● Dataset section
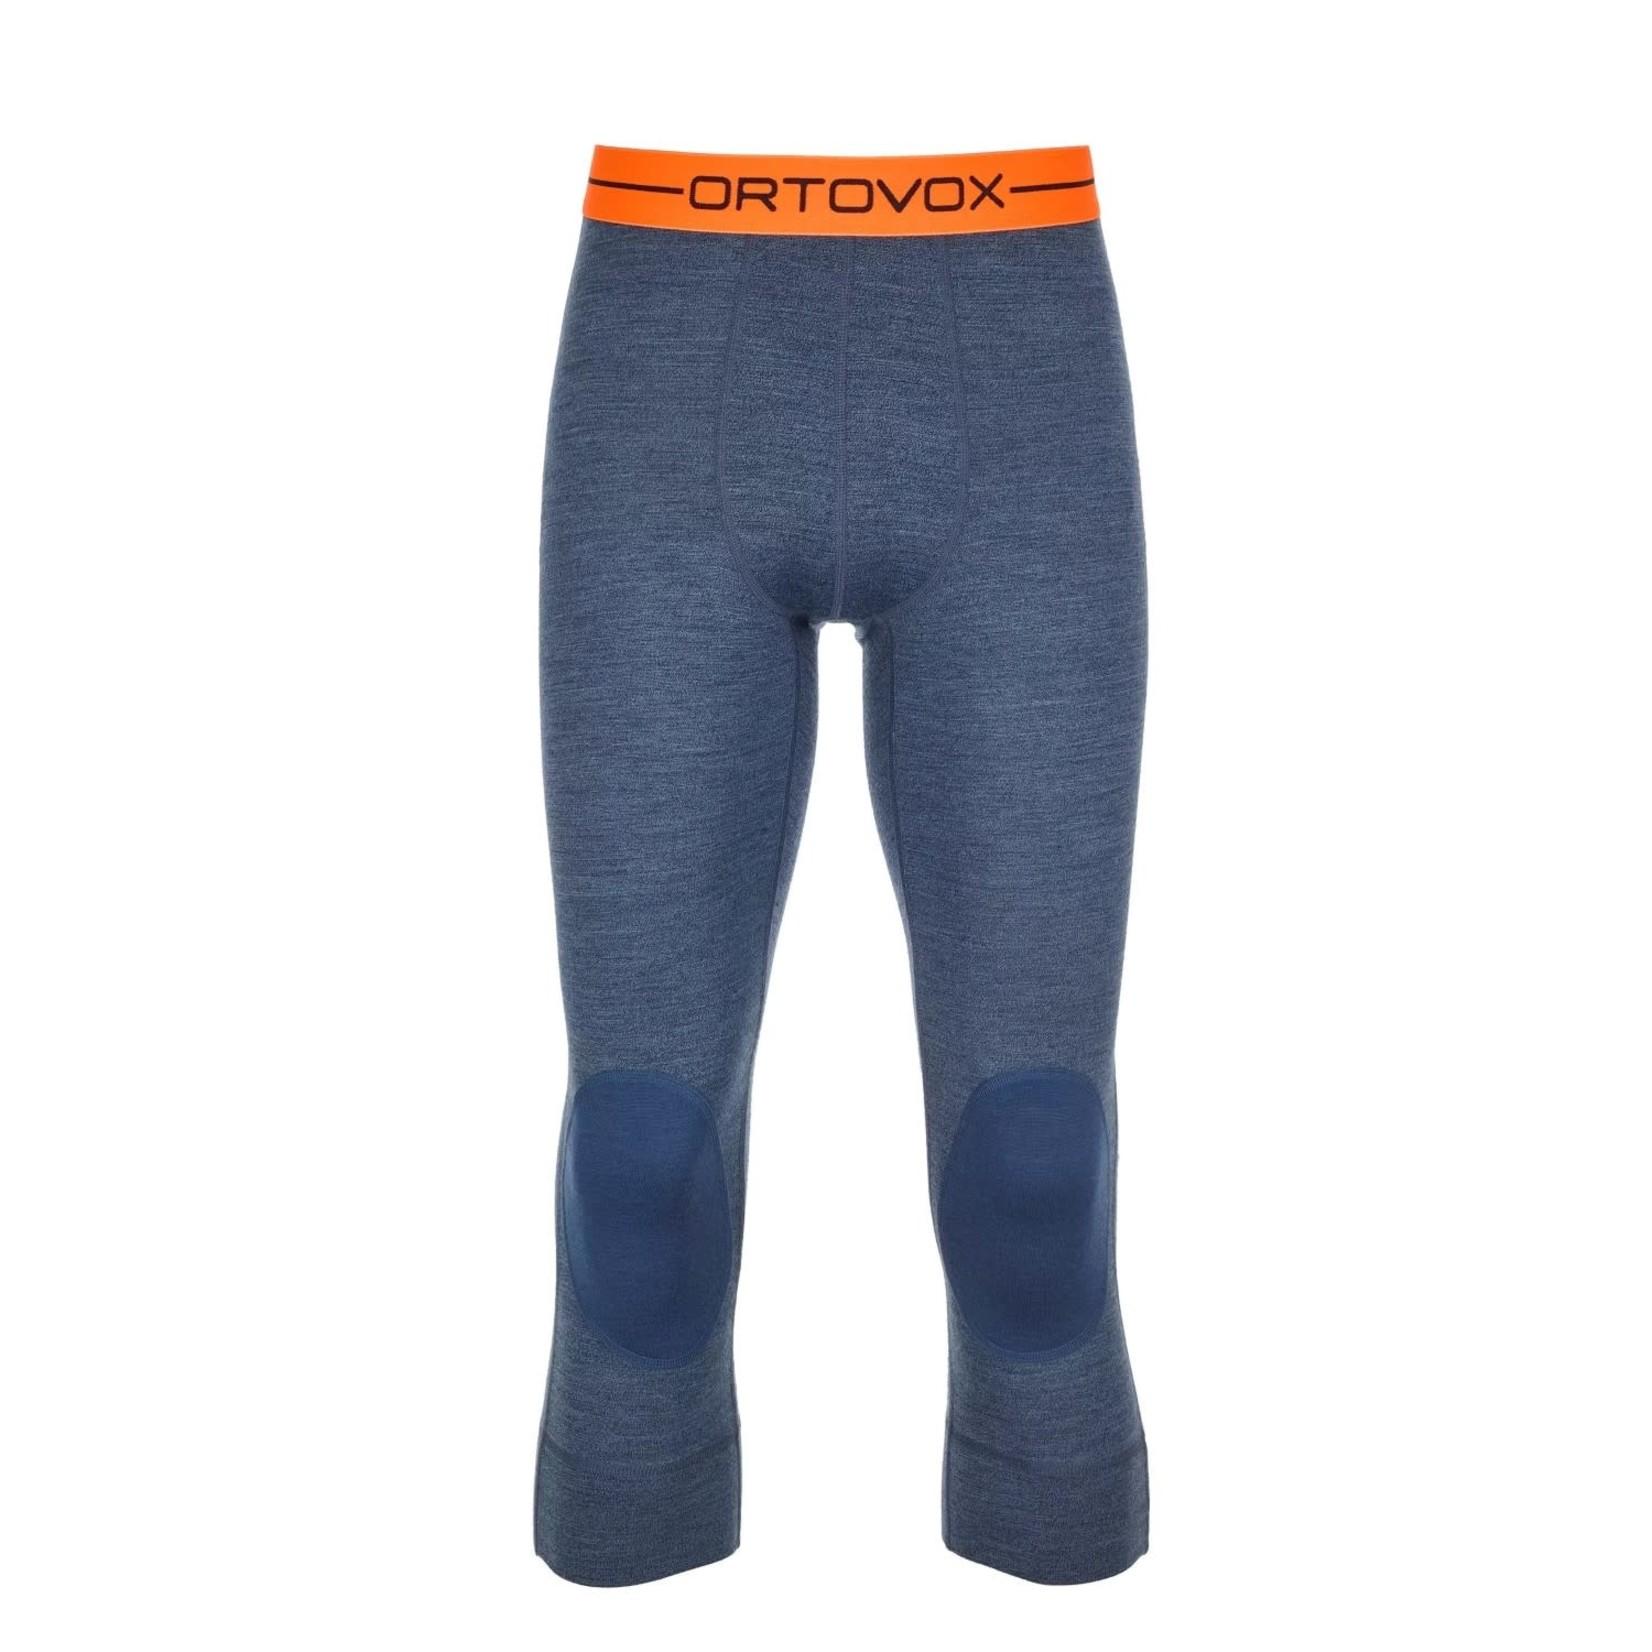 Ortovox Ortovox 185 Rock'N'Wool Short Pants - Men
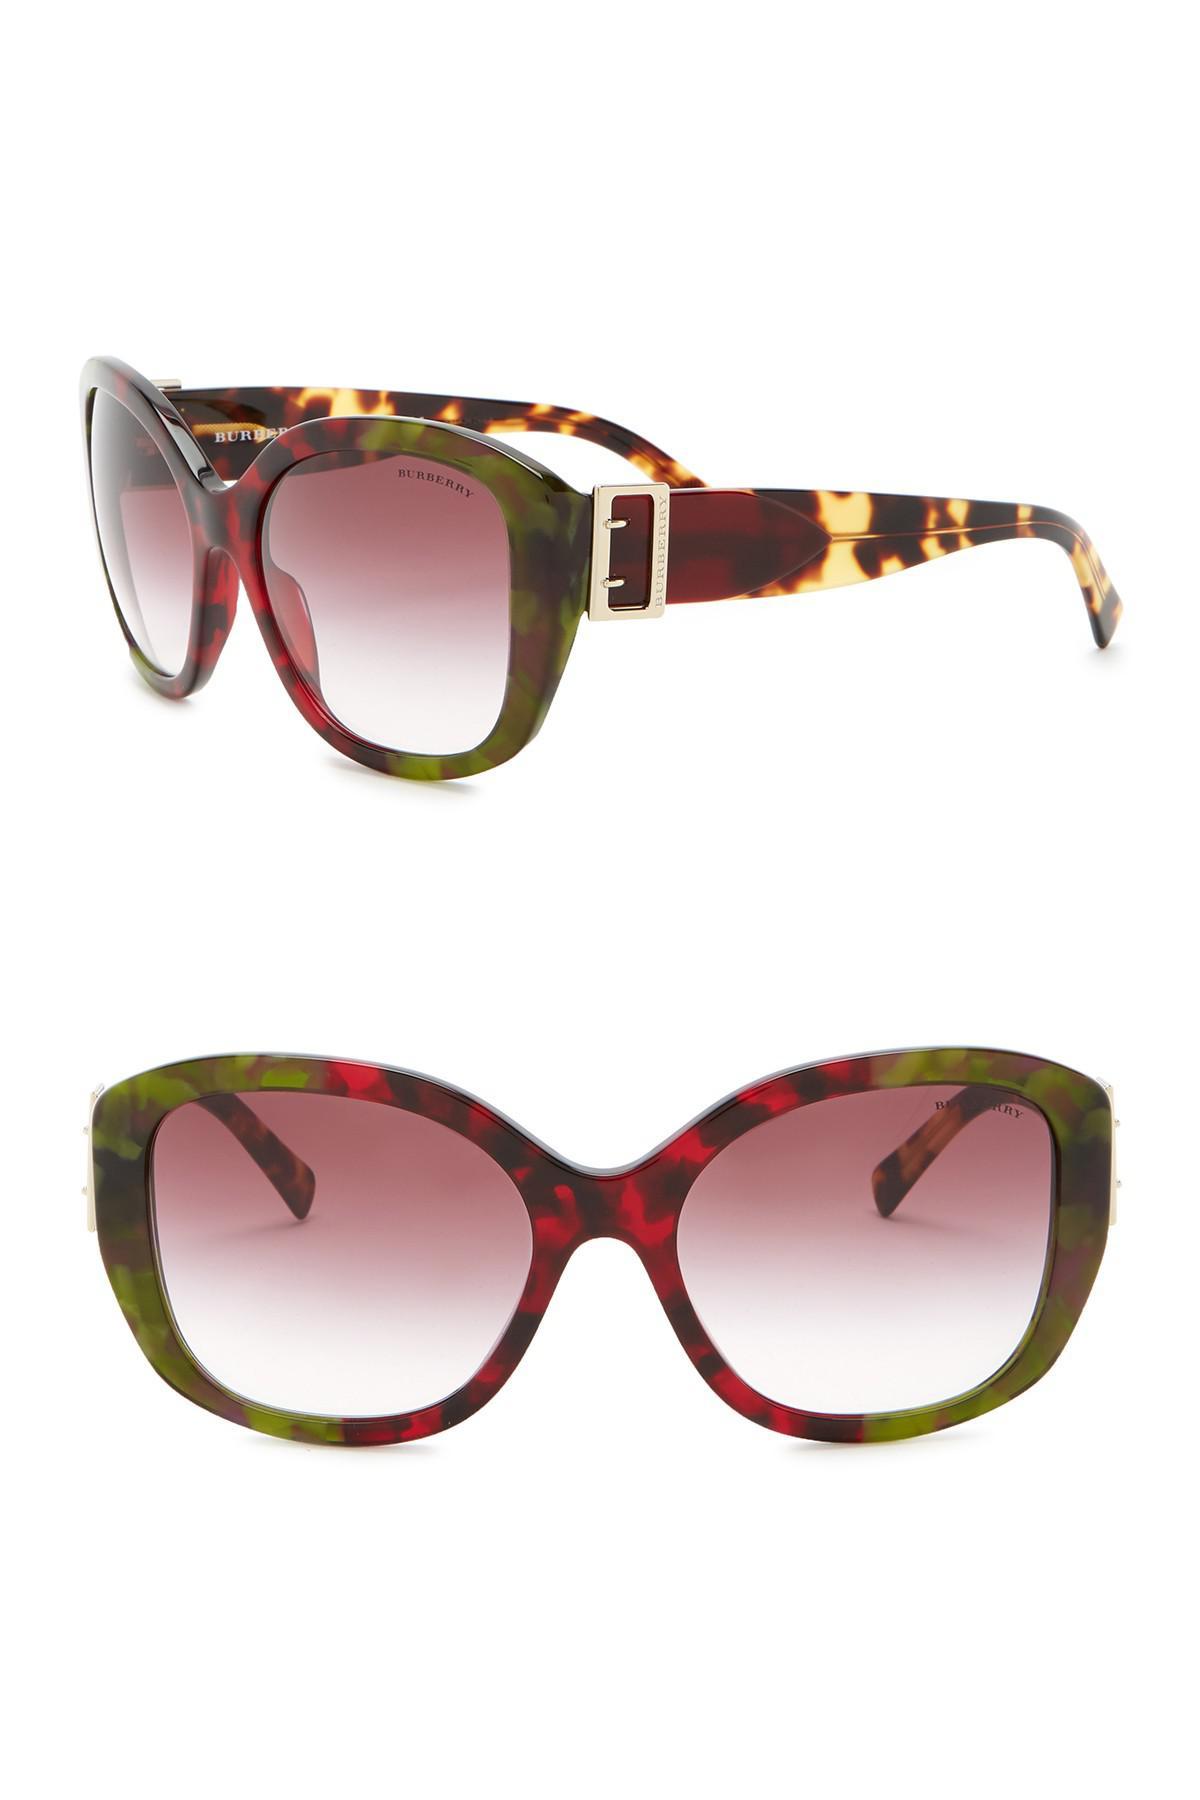 e7f3b1947b7f Lyst - Burberry 57mm Oversized Sunglasses
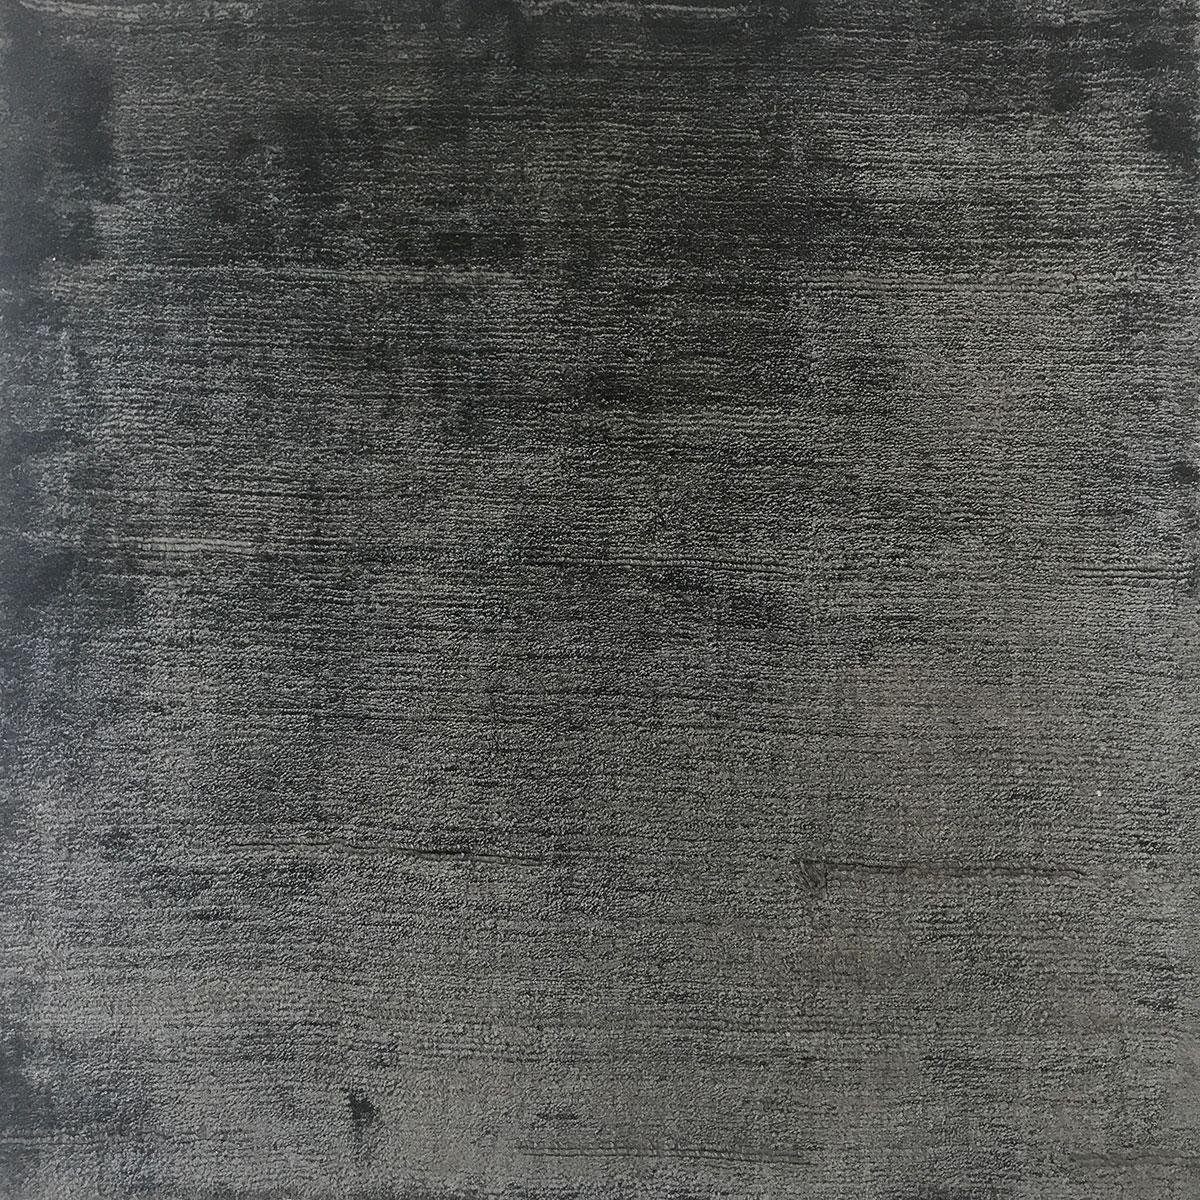 modal-dashes-black-custom-area-rug_thumb.jpg

● Exercise description
What you return must match the material above exactly, apart from its pictures.

● Exercise result
 Ortovox Ortovox 185 Rock'N'Wool Short Pants - Men
 e7f3b1947b7f Lyst - Burberry 57mm Oversized Sunglasses
 modal-dashes-black-custom-area-rug_thumb.jpg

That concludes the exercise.